Friday, April 16, 2010
Revenge of the Wimps
Is the Wimpy Kid the Holden Caulfield of our generation? The Atlantic explores this question.
From the piece...
The kids, I’m sorry to report, are getting sharper all the time. Did you know that Holden Caulfield is now in middle school? That’s right: no longer cadging drinks or wrestling with pimps in fleapit Manhattan hotel rooms, the arch-diagnostician of adult bullshit is currently trick-or-treating and going out for ice cream with his mother. His name isn’t Holden anymore—it’s Greg. But his mood, that current of fretful optimism alternating with a cavernous disenchantment, is more or less unchanged: “I don’t know if this makes me a bad person or whatever, but it’s hard for me to get interested in other people’s vacations.” Or: “I’ll be famous one day, but for now I’m stuck in middle school with a bunch of morons.”

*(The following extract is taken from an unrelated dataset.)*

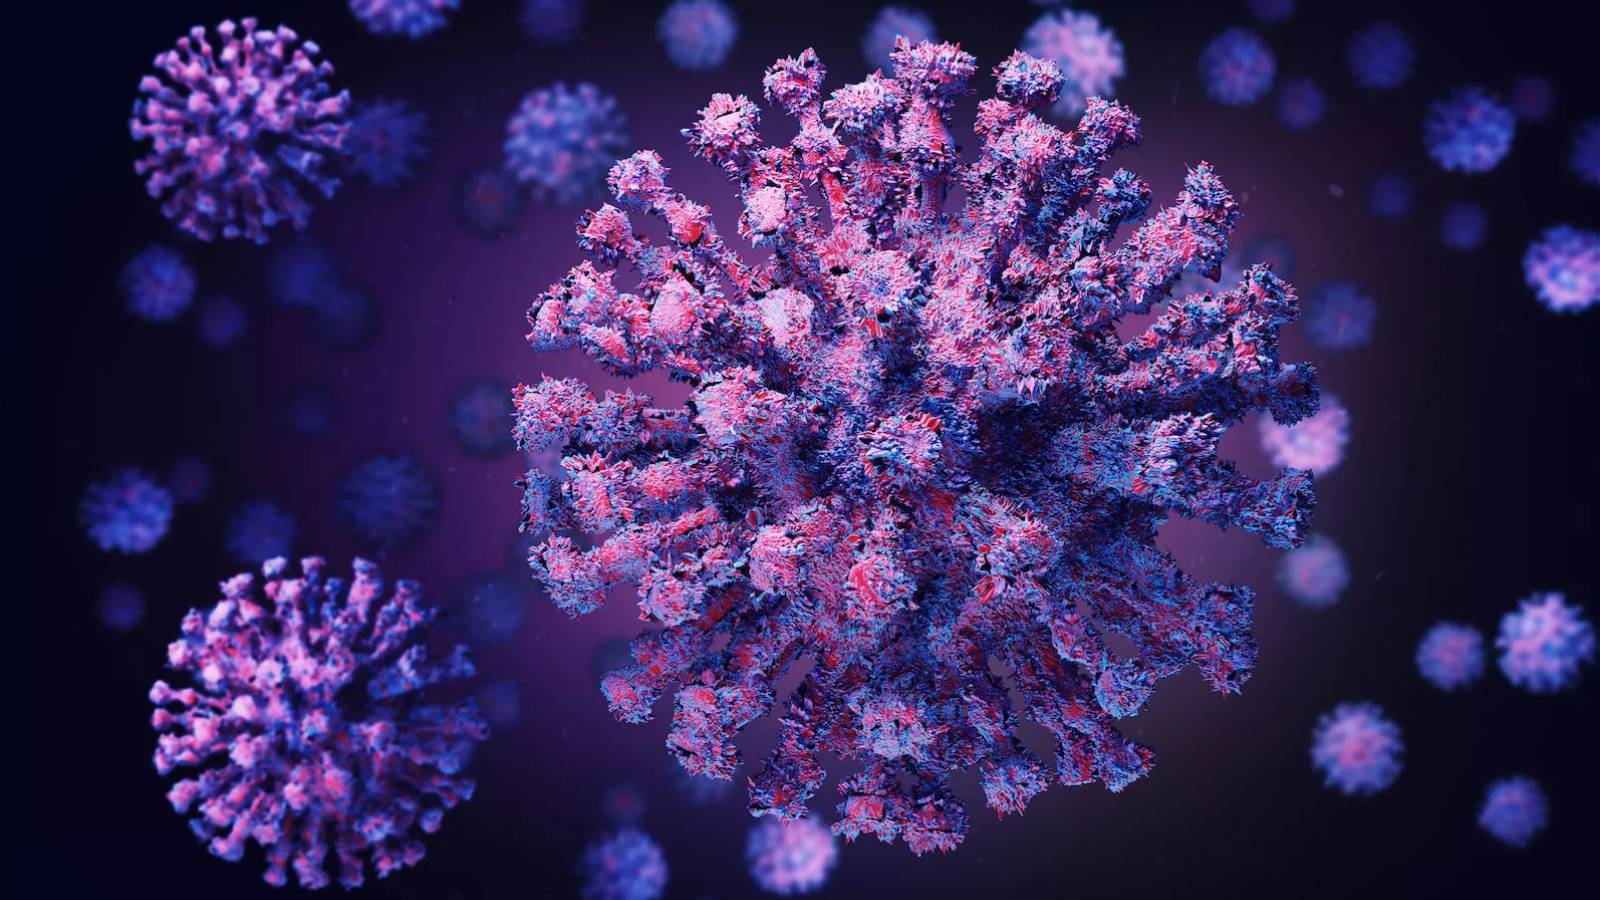 Coronavirus Images Lungs Affected Severe Forms

Greg Heffley, underdeveloped narrator of Diary of a Wimpy Kid, Jeff Kinney’s mega-selling “novel in cartoons,” wears a nearly permanent frown. At least, it would be a frown, if he had eyebrows: Kinney draws his characters like emoticons, with dots for eyes, U-shaped noses, and downturned-bracket mouths. (Rodrick, Greg’s incipiently delinquent heavy-metal older brother, flexes a set of fierce and hyphen-like eyebrows.) The book opens with a twang of Salingerean surliness: “This [the diary] was MOM’s idea,” declares Greg. “But if she thinks I’m going to write down my ‘feelings’ in here or whatever, she’s crazy. So just don’t expect me to be all ‘Dear Diary’ this and ‘Dear Diary’ that.”
And all that kind of crap, we hear the original Holden adding.